Website owners spend large sums of money making sure their sites are running on the biggest, best equipment available. But, what happens when the server hosting all of your website services cannot cope with an overabundance of inbound traffic?
Nothing is more frustrating than having a website break during peak usage times or worse, during a large burst of traffic from a sales event. It’s a problem every website owner perpetually dreads, especially before launching some piece of new content, sale, or product.
Whether the surge in traffic comes from significant growth, a planned event period, or due to social media buzz overloading the system, it’s all the same in the end. An unresponsive, unusable website and terrible end-user experience.
The damage to your reputation alone can cost millions, and that doesn’t count any of the lost revenue missed during the downtime. A portion of those missed opportunities will never return due to the bad taste left over by a poor website experience. Well then, what is a website owner to do when they have reached the limits of the highest tier hardware available to them? Luckily, we have some tips to scale WordPress sites for site owners, but most of the time it’s a lot more complicated.
- Enterprise Hosting Is The Answer To Prevent Downtime Woes
- What Are High-Availability Products?
- What is Load Balancing?
- Monolithic Servers vs Server Clusters (Vertical vs Horizontal Scaling)

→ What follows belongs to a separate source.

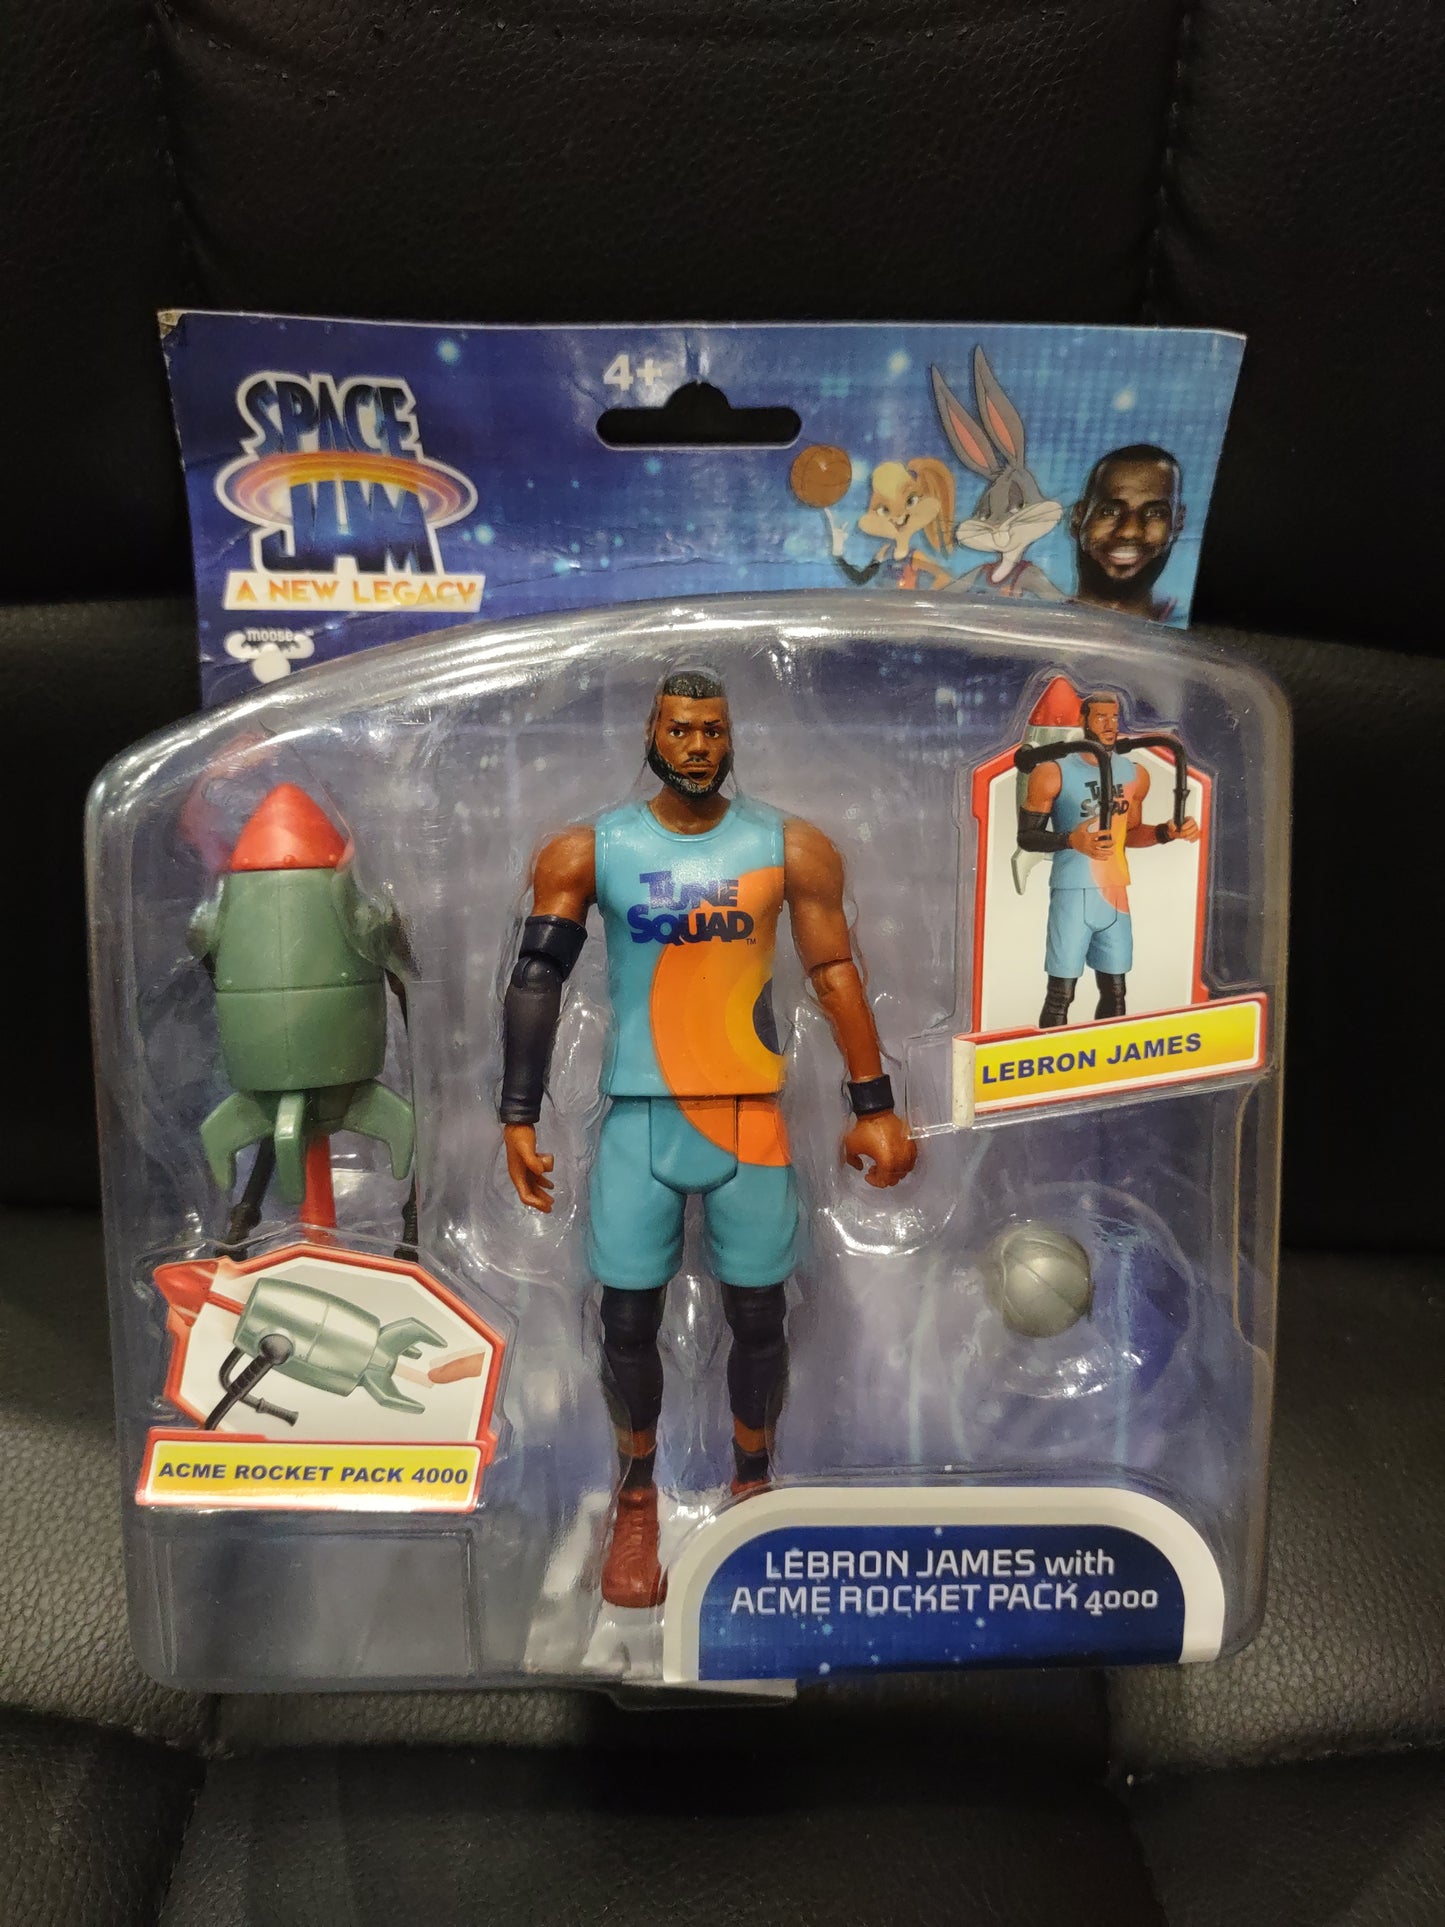 Action figure space jam a new Legacy LeBron James with acme Rocket pack 4000

- How Many Nodes Should I Have In My Cluster?
- What Other Considerations Are There For Horizontal-Scaling Servers Clusters?
- File Replication
Enterprise Hosting Is The Answer To Prevent Downtime Woes
The enterprise hosting space has the answers to these issues. After all, how do the likes of Amazon, Google, Netflix, PayPal, and thousands of other top-tier online businesses seem to keep their websites always-on without ever having such major failures from their web server? The answer is not a definitive one, as there are many different approaches to making your website downtime resilient through enterprise-grade High-Availability solutions.
However, one constant that almost all of these big box companies employ is some form of load balancing. It is generally the first progressive step into horizontal scaling solutions and for good reason, it gets results.
Load Balancing can do wonders for a lonely web server by giving it a coworker, or four, to help share the workload and keep everyone happy. After all, what would happen if our friends in the food service industry only hired a single employee to handle the lunch shift on a busy campus? Rhetorical exposition aside, the truth of the matter is you cannot achieve 100% uptime with only a single server. It does not matter how expensive the hardware was, every system inevitably fails. The measure of a website’s virility is not about how good the hardware is, it’s more about how well your infrastructure is at combatting both planned and unplanned downtime events.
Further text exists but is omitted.